- **Collected data**:
^^^^^^^^

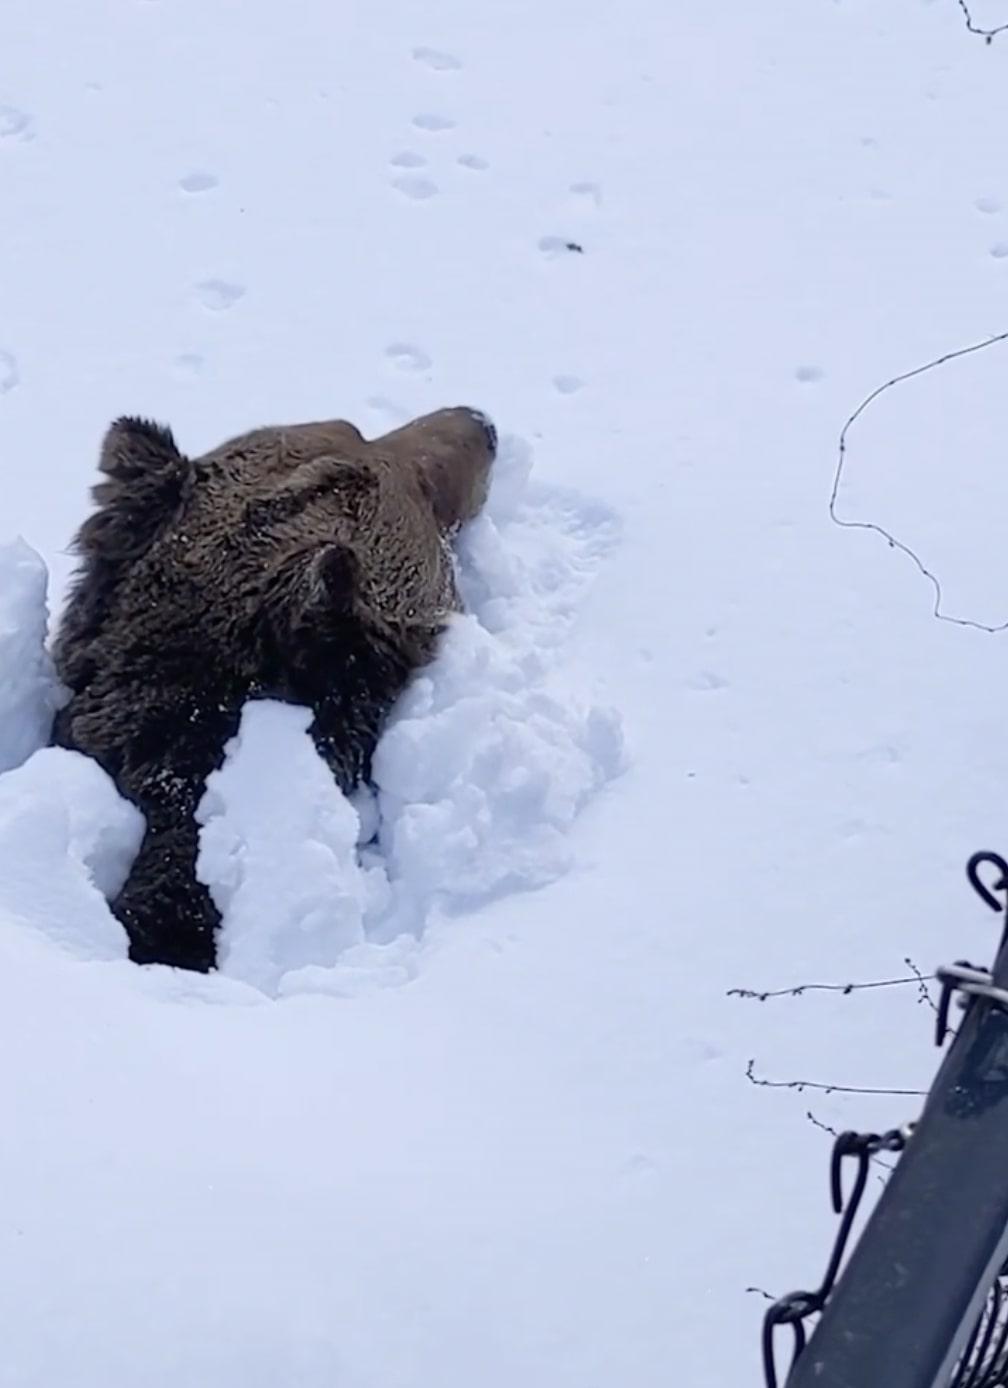 Boo, emerging from his den. (Courtesy of <a href="https://kickinghorseresort.com/">Kicking Horse Grizzly Bear Refuge</a>)
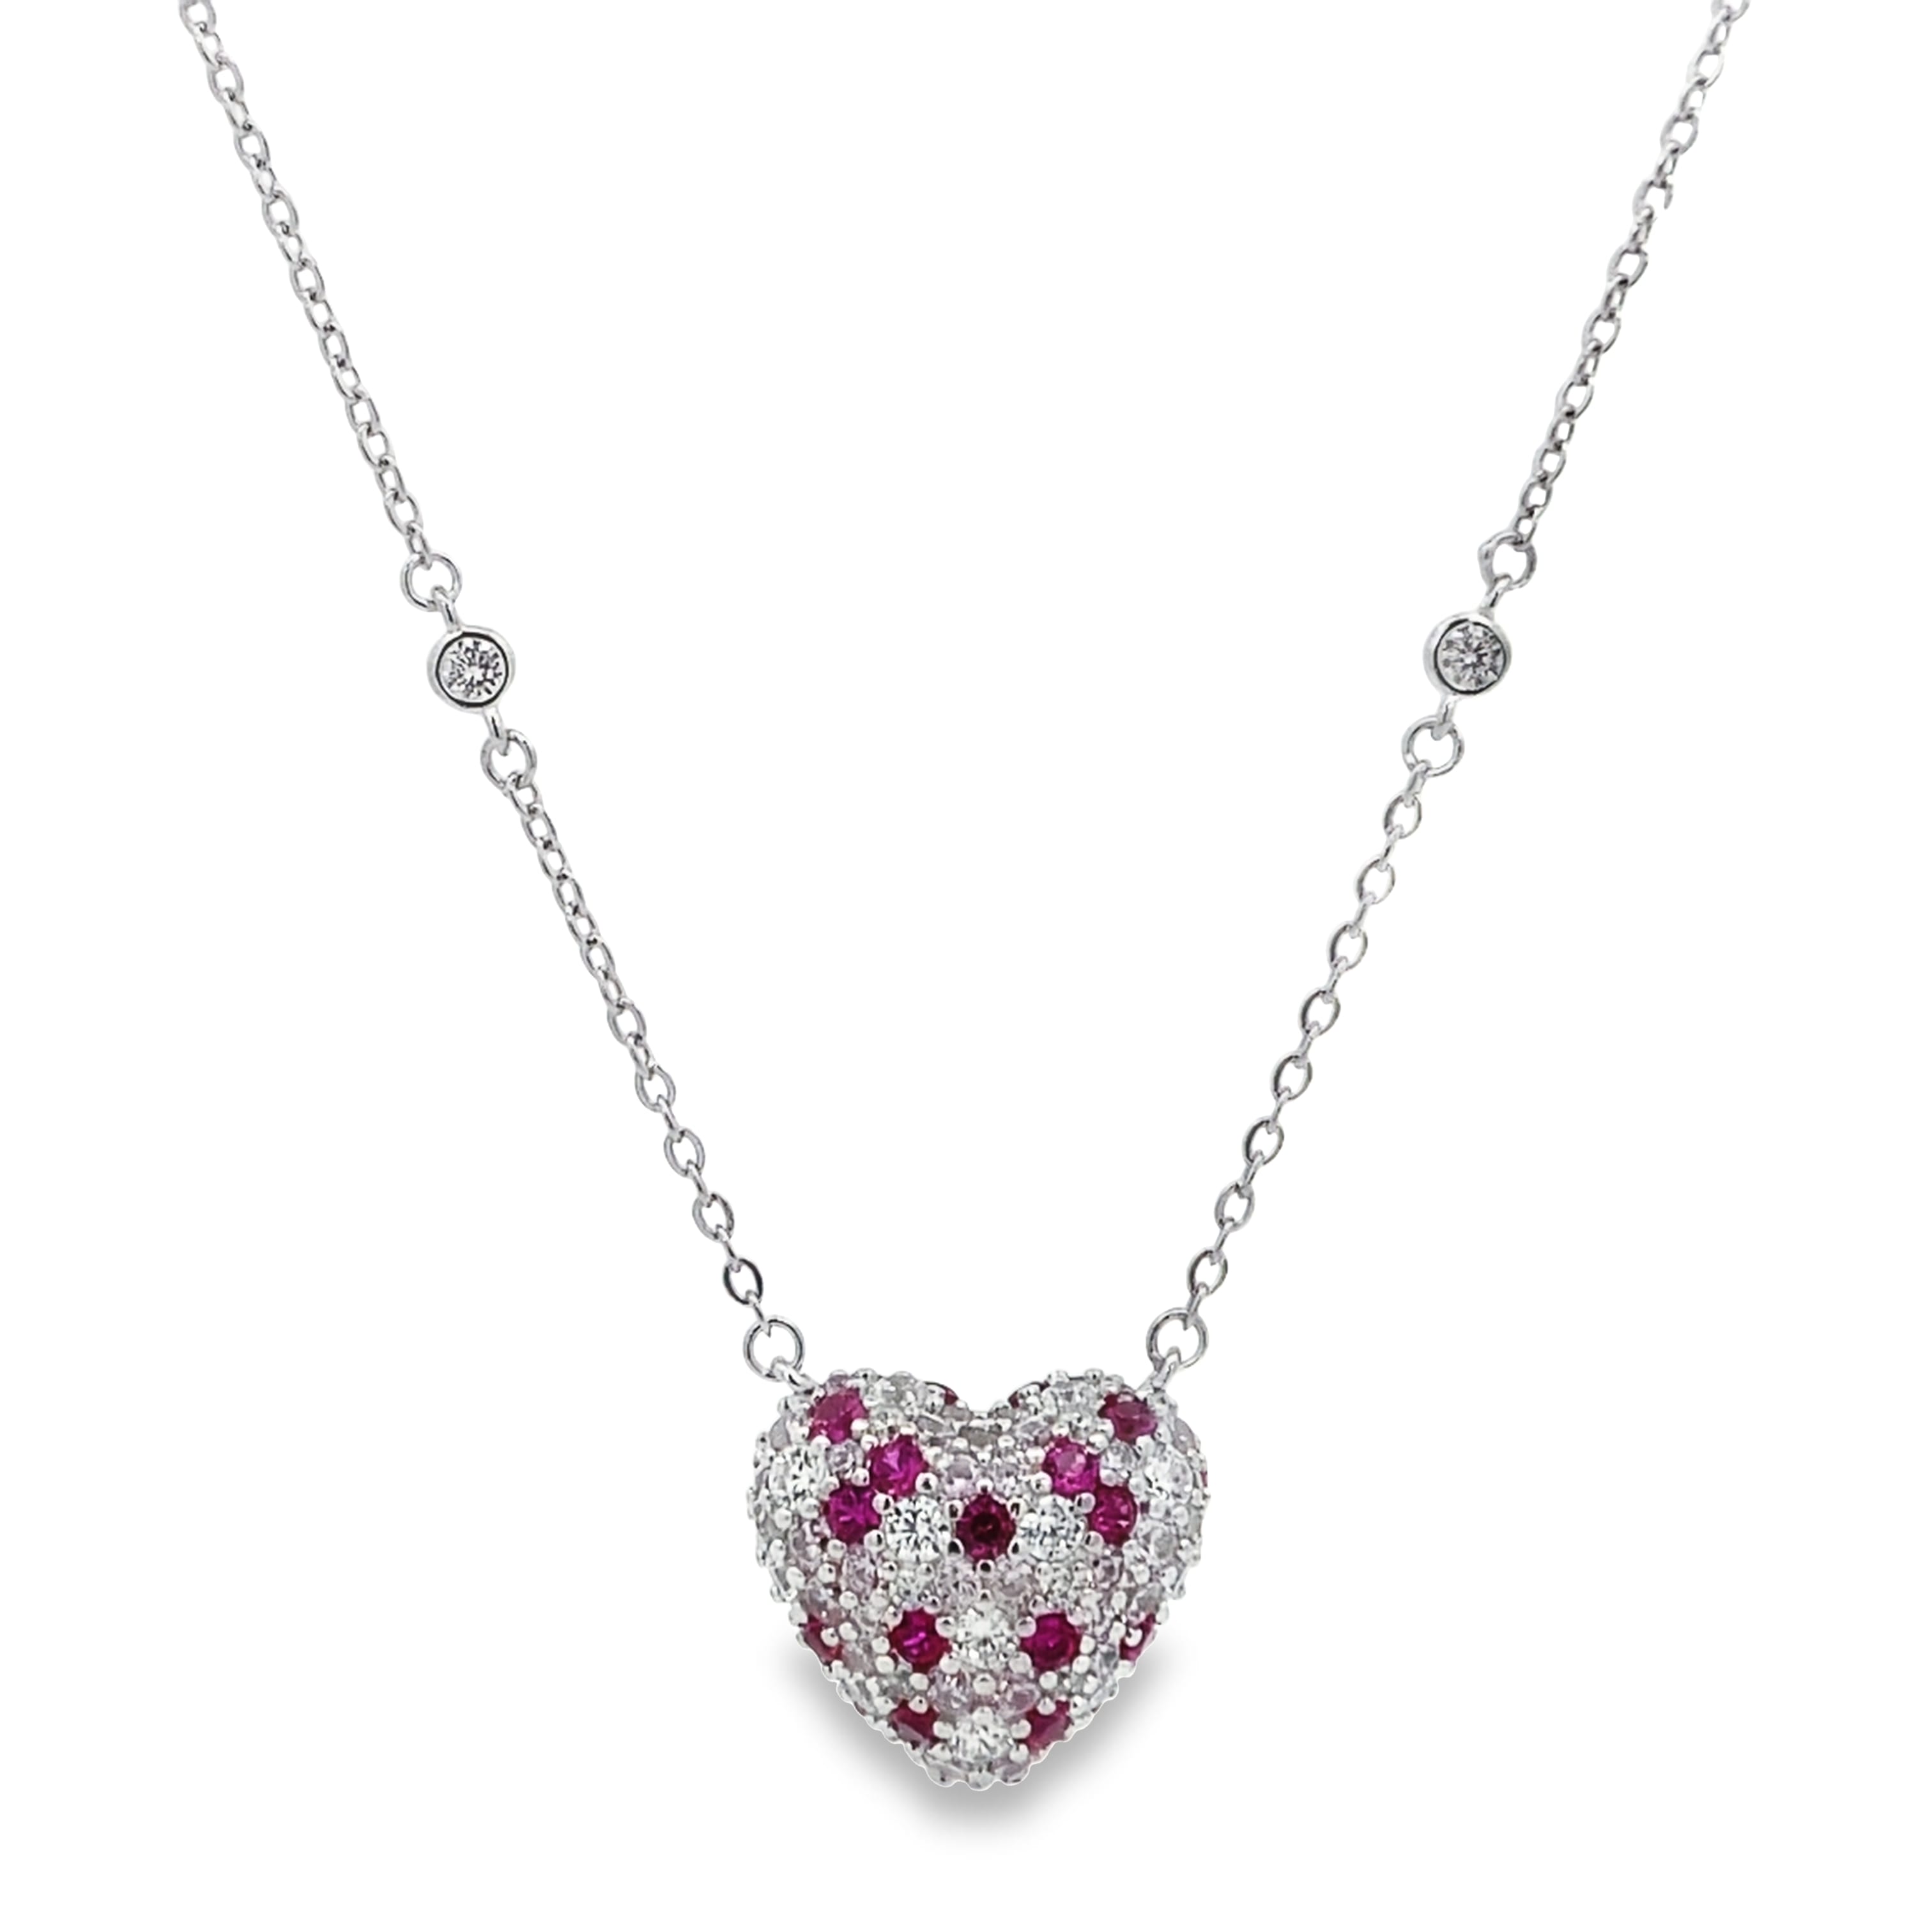 Sparkling Heart Silver Necklace
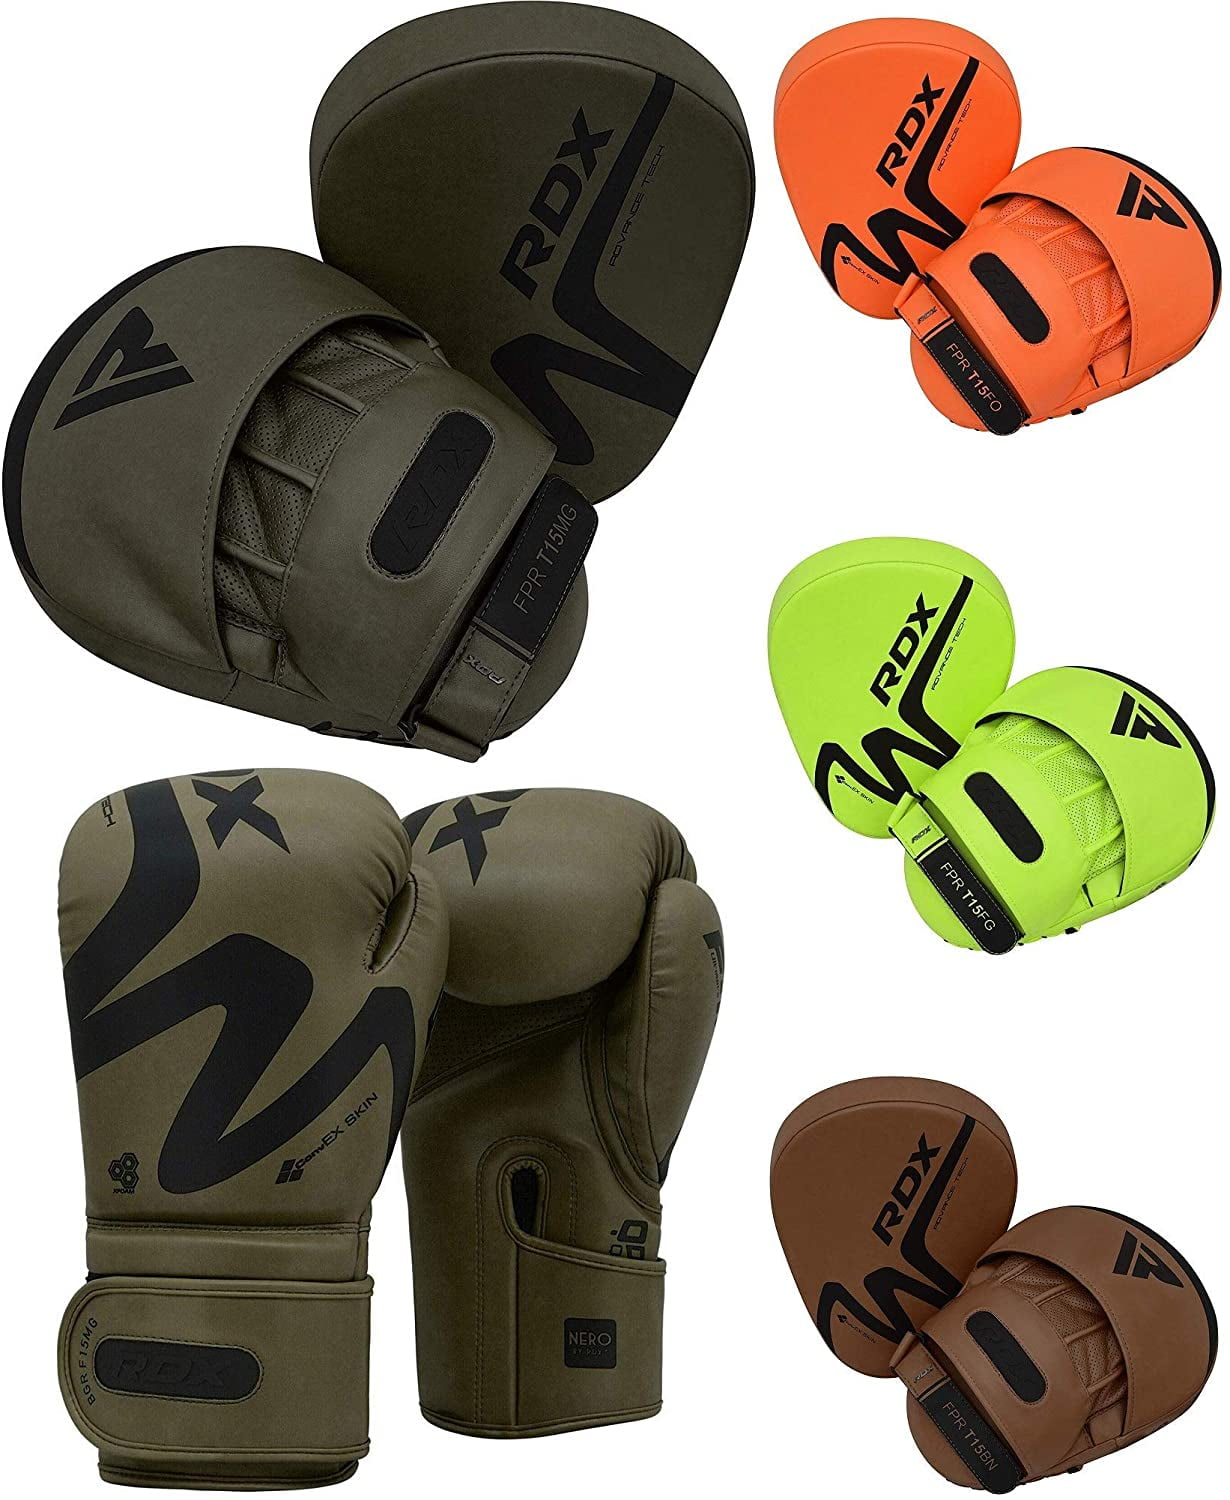 Boxing Focus Pads Hook and Jabs Mitts Gloves Strike Punching Kick Training Mitts

^^^^^^^^

- **Exercise description**:
Reproduce the lines above letter for letter. The pictures stay behind.

- **Solution**:
 Boo, emerging from his den. (Courtesy of <a href="https://kickinghorseresort.com/">Kicking Horse Grizzly Bear Refuge</a>)
 Sparkling Heart Silver Necklace
 Boxing Focus Pads Hook and Jabs Mitts Gloves Strike Punching Kick Training Mitts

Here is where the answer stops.